Entrez Direct, BLAST+, EMBOSS

Поиск гомологов белков в неаннотированном геноме

В данном задании было необходимо определить в неаннотированном геноме участки, которые могут являться возможными генами белков. Для этого с помощью следующей команды была получена локальная база данных, по которой далее будет осуществляться поиск с помощью программы tblastn:

makeblastdb -in X5.fasta -dbtype nucl

Поиск по базе данных NCBI Taxonomy показал, что Amoeboaphelidium protococcarum относится к кладе Aphelida. У данной таксономической группы есть всего лишь две плохо аннотированные записи. Поэтому для поиска были выбраны хорошо аннотированные белки из Saccharomyces cerevisiae (является организмом, родственным Amoeboaphelidium protococcarum).

Актин

Является неотъемлемой частью цитоскелета, поэтому можно ожидать наличие в геноме соответствующего белка.

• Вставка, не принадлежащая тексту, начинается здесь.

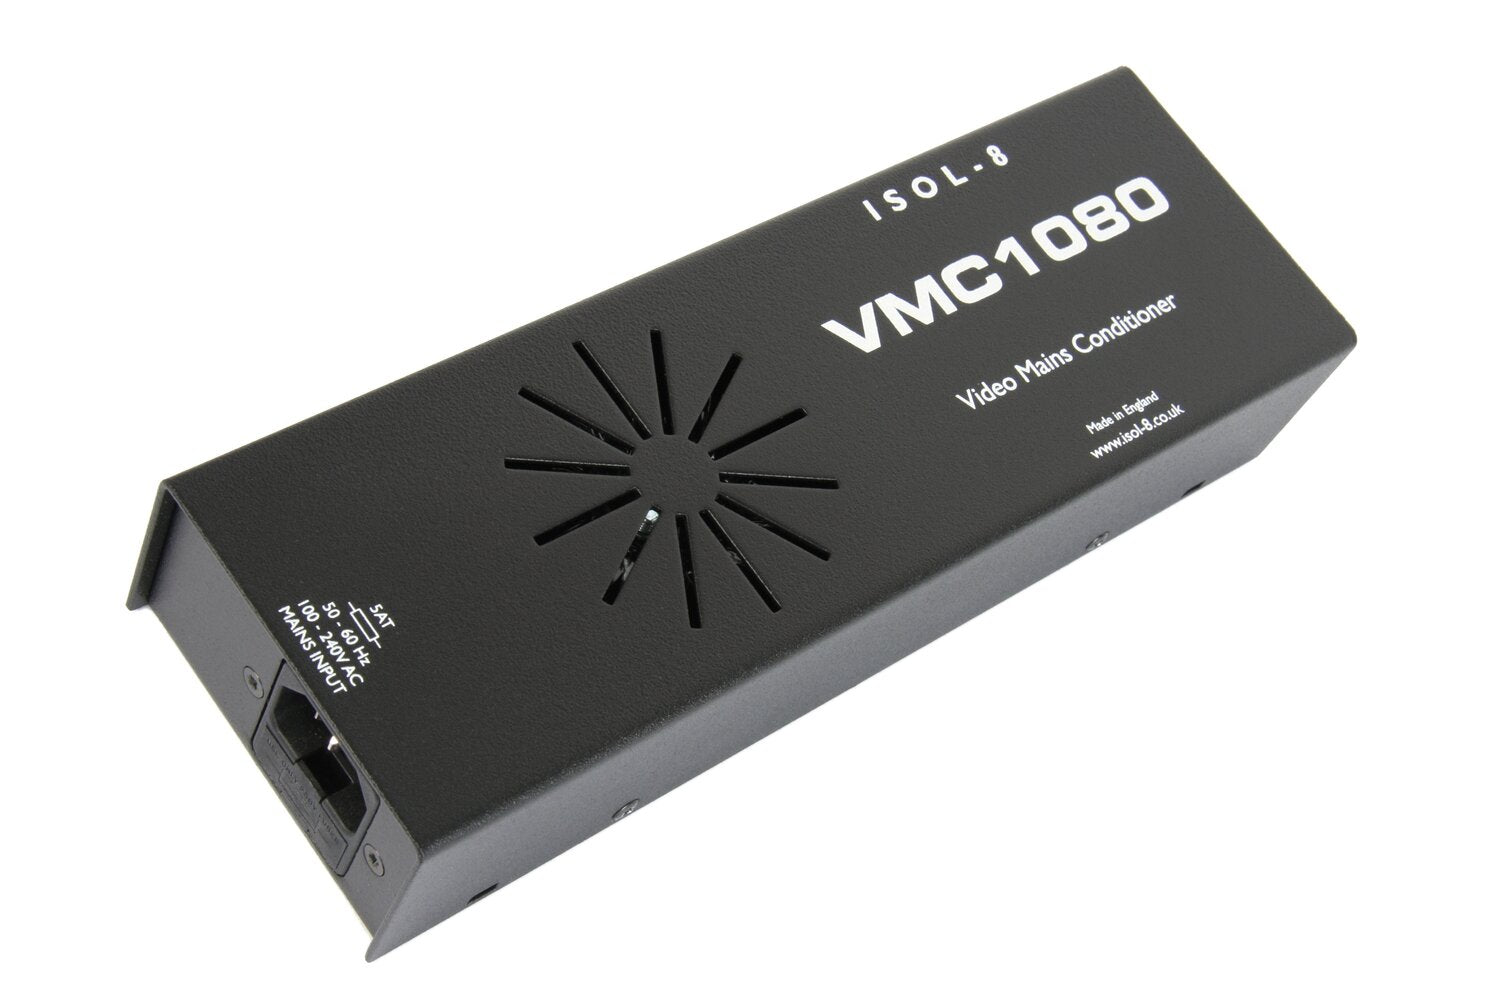 ISOL-8 VMC1080 Video Mains Conditioner.
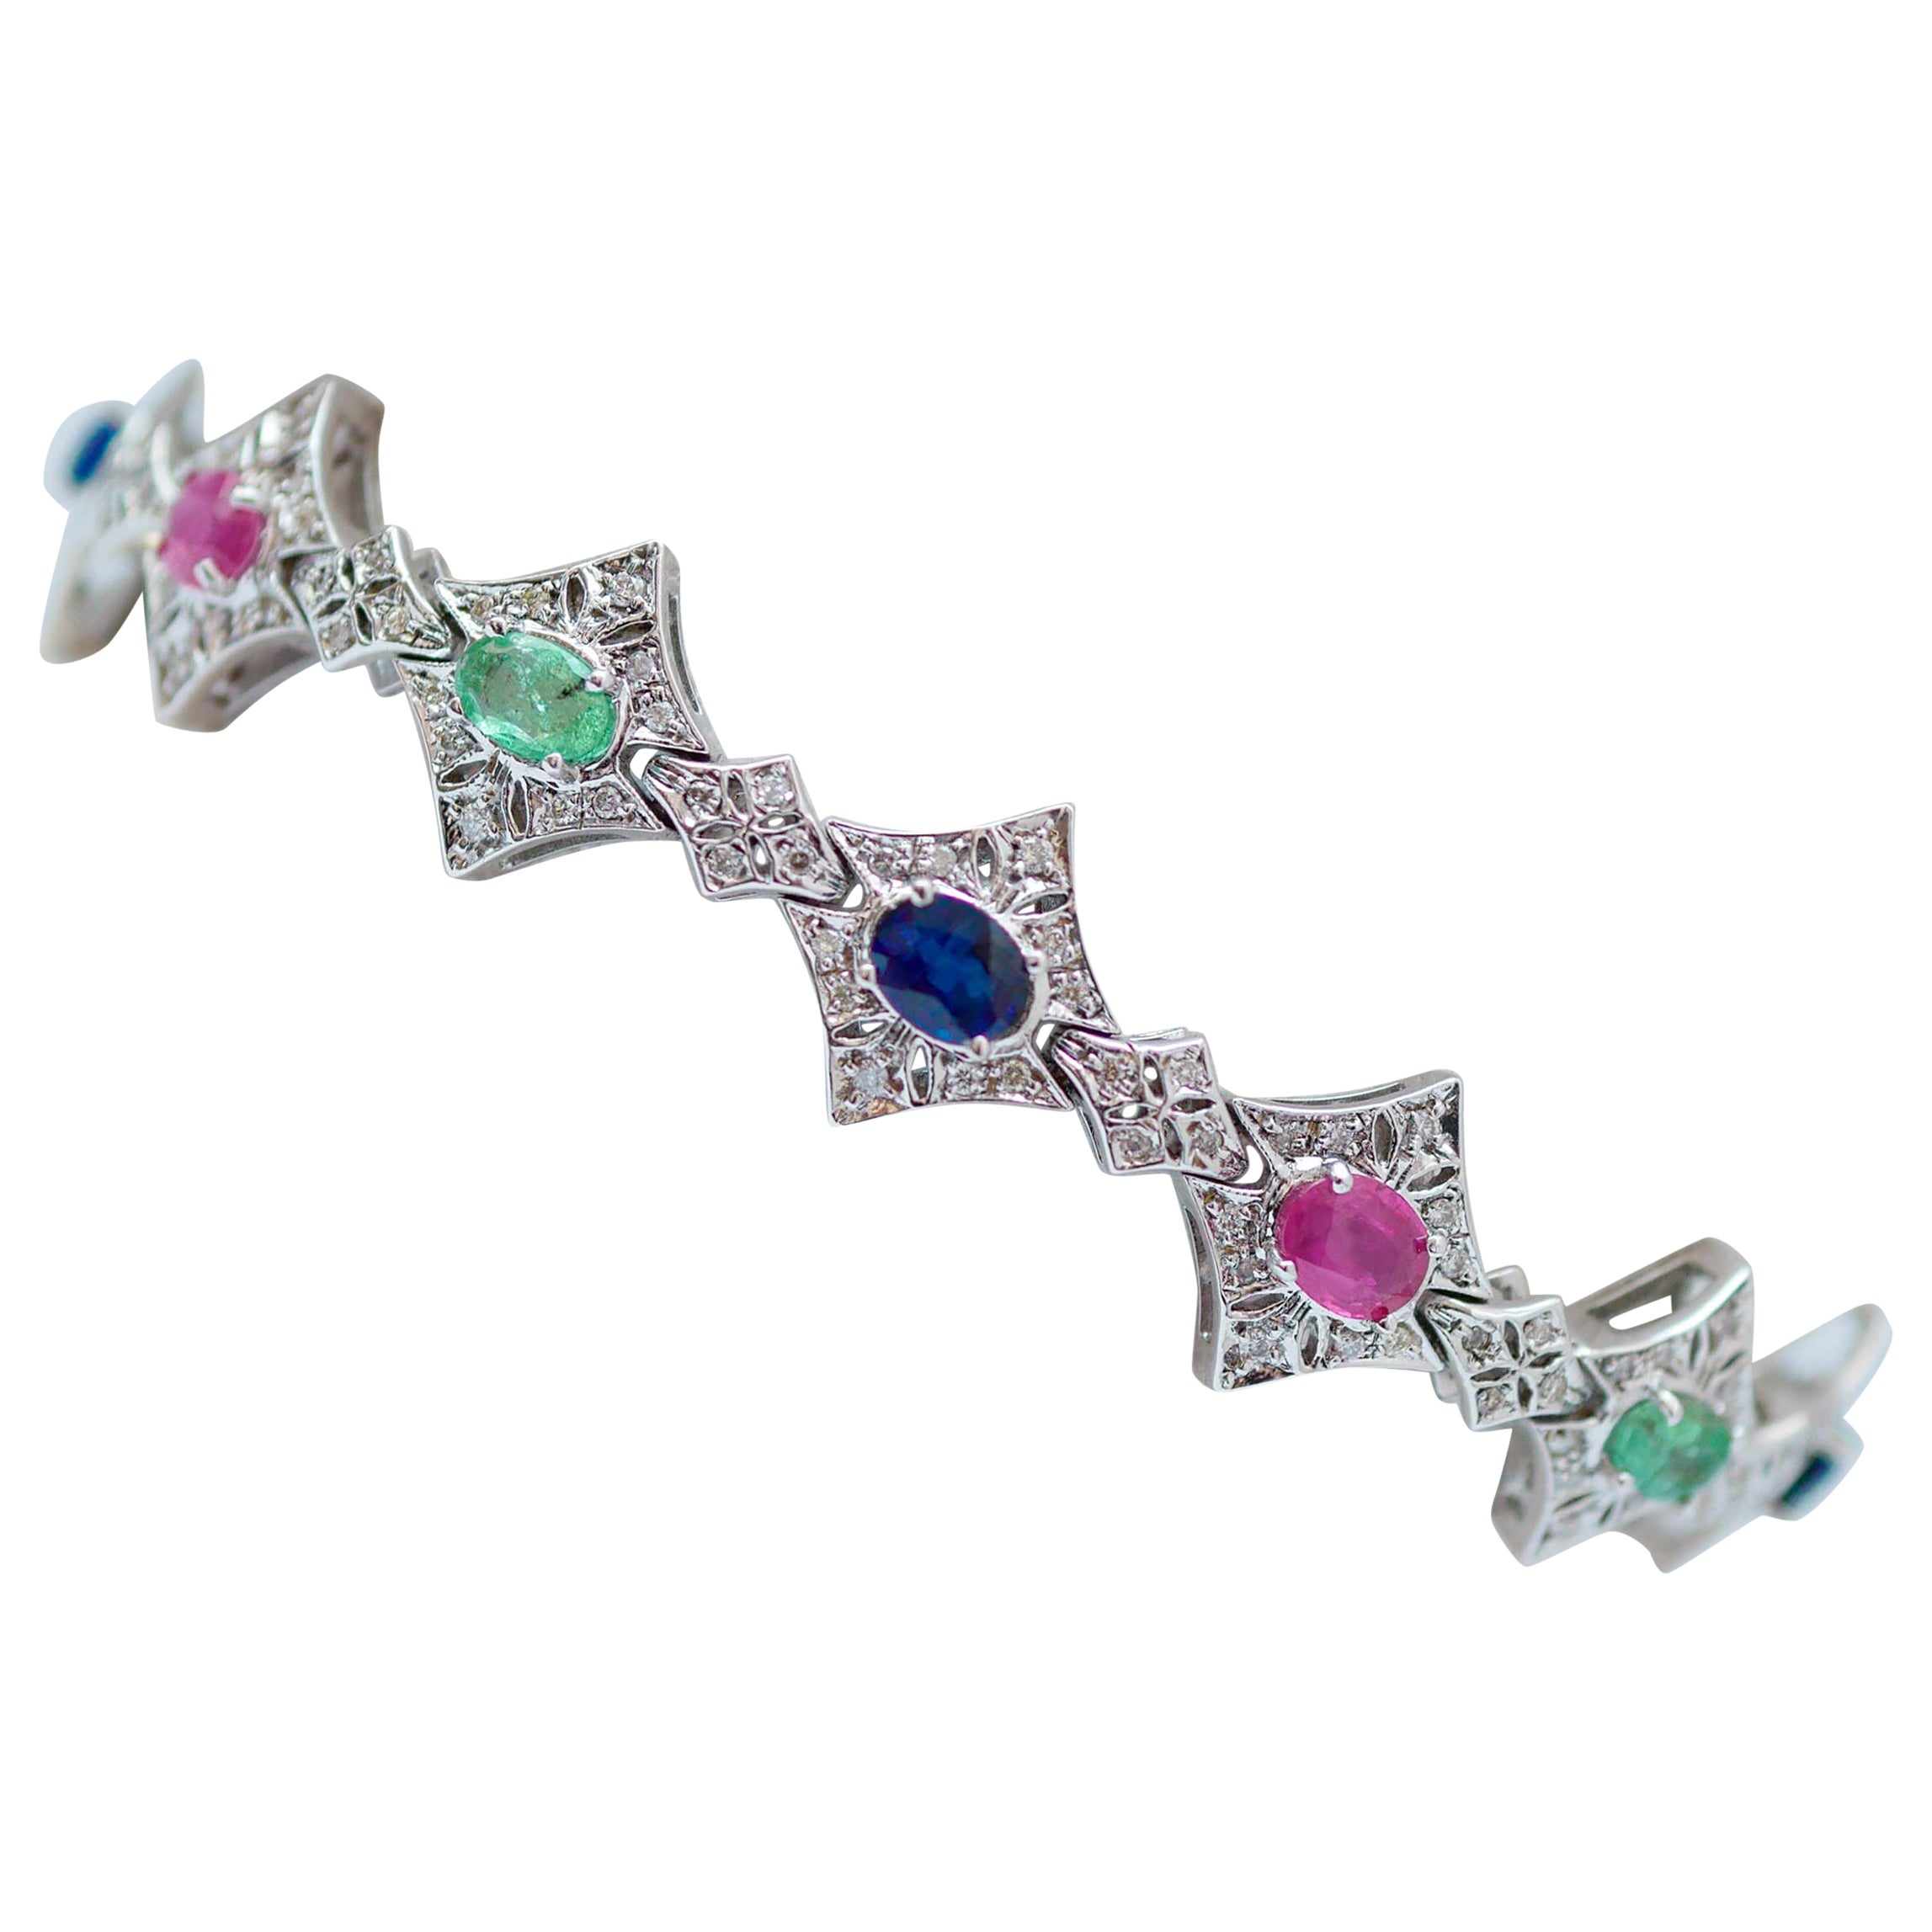 Emeralds, Rubies, Sapphires, Diamonds, 14 Karat White Gold Bracelet.

Запрос в Uniprot: taxonomy:"Saccharomyces cerevisiae (strain ATCC 204508 / S288c) (Baker's yeast) [559292]" name:actin

Результат запроса: ACT_YEAST

Последовательность получена командой: seqret 'sw:P60010' actin.fasta

Получение полной информации о записи: entret 'sw:P60010' -outfile actin.txt

Запрос в tblastn: tblastn -query actin.fasta -db X5.fasta > actin_result.txt

В результате работы tblastn получается следующий результат. Программе удалось найти несколько находок с e-value равным 0.0, которые наверняка являются гомологами актина. Также можно предположить гомологию у следующих четырех находок с хорошим покрытием.

40S рибосомный белок S2

Рибосомы участвуют в трансляции белки, следовательно рибосомальные гены должны присутствовать в геноме исследуемого организма. Возьмем 40S рибосомный белок S2.

Запрос в Uniprot: taxonomy:"Saccharomyces cerevisiae (strain ATCC 204508 / S288c) (Baker's yeast) [559292]" name:40s ribosomal protein

Результат запроса: RS2_YEAST

Последовательность получена командой: seqret 'sw:P25443' s2.fasta

Получение полной информации о записи: entret 'sw:P25443' -outfile s2.txt

Запрос в tblastn: tblastn -query s2.fasta -db X5.fasta > s2_result.txt

В результате работы tblastn получается следующий результат. Нетрудно увидеть две идентичные находки с хорошим покрытием, что может свидетельствовать о двух копиях одного гена в геноме. E-value равен 6e-89, что позволяет предположить гомологию. Находки выровнялись с исходным белком с хорошим покрытием.

γ-цепь тубулина

Миктротрубочки выполняют важную структурную функцию во многих клеточных процессах, поэтому рассмотрим γ-цепь тубулина.

Запрос в Uniprot: taxonomy:"Saccharomyces cerevisiae (strain ATCC 204508 / S288c) (Baker's yeast) [559292]" name:tubulin

Результат запроса: TBB_YEAST

Последовательность получена командой: seqret 'sw:P02557' tubulin.fasta

Получение полной информации о записи: entret 'sw:P02557' -outfile tubulin.txt

Запрос в tblastn: tblastn -query tubulin.fasta -db X5.fasta > tubulin_result.txt

В результате работы tblastn получается следующий результат. Наилучшее выравнивание характеризуется низким процентом идентичности (35%), а также плохим покрытием (в сравнении с находками в предыдущих запросах). Это не позволяет нам предположить гомологию ни одной из находок.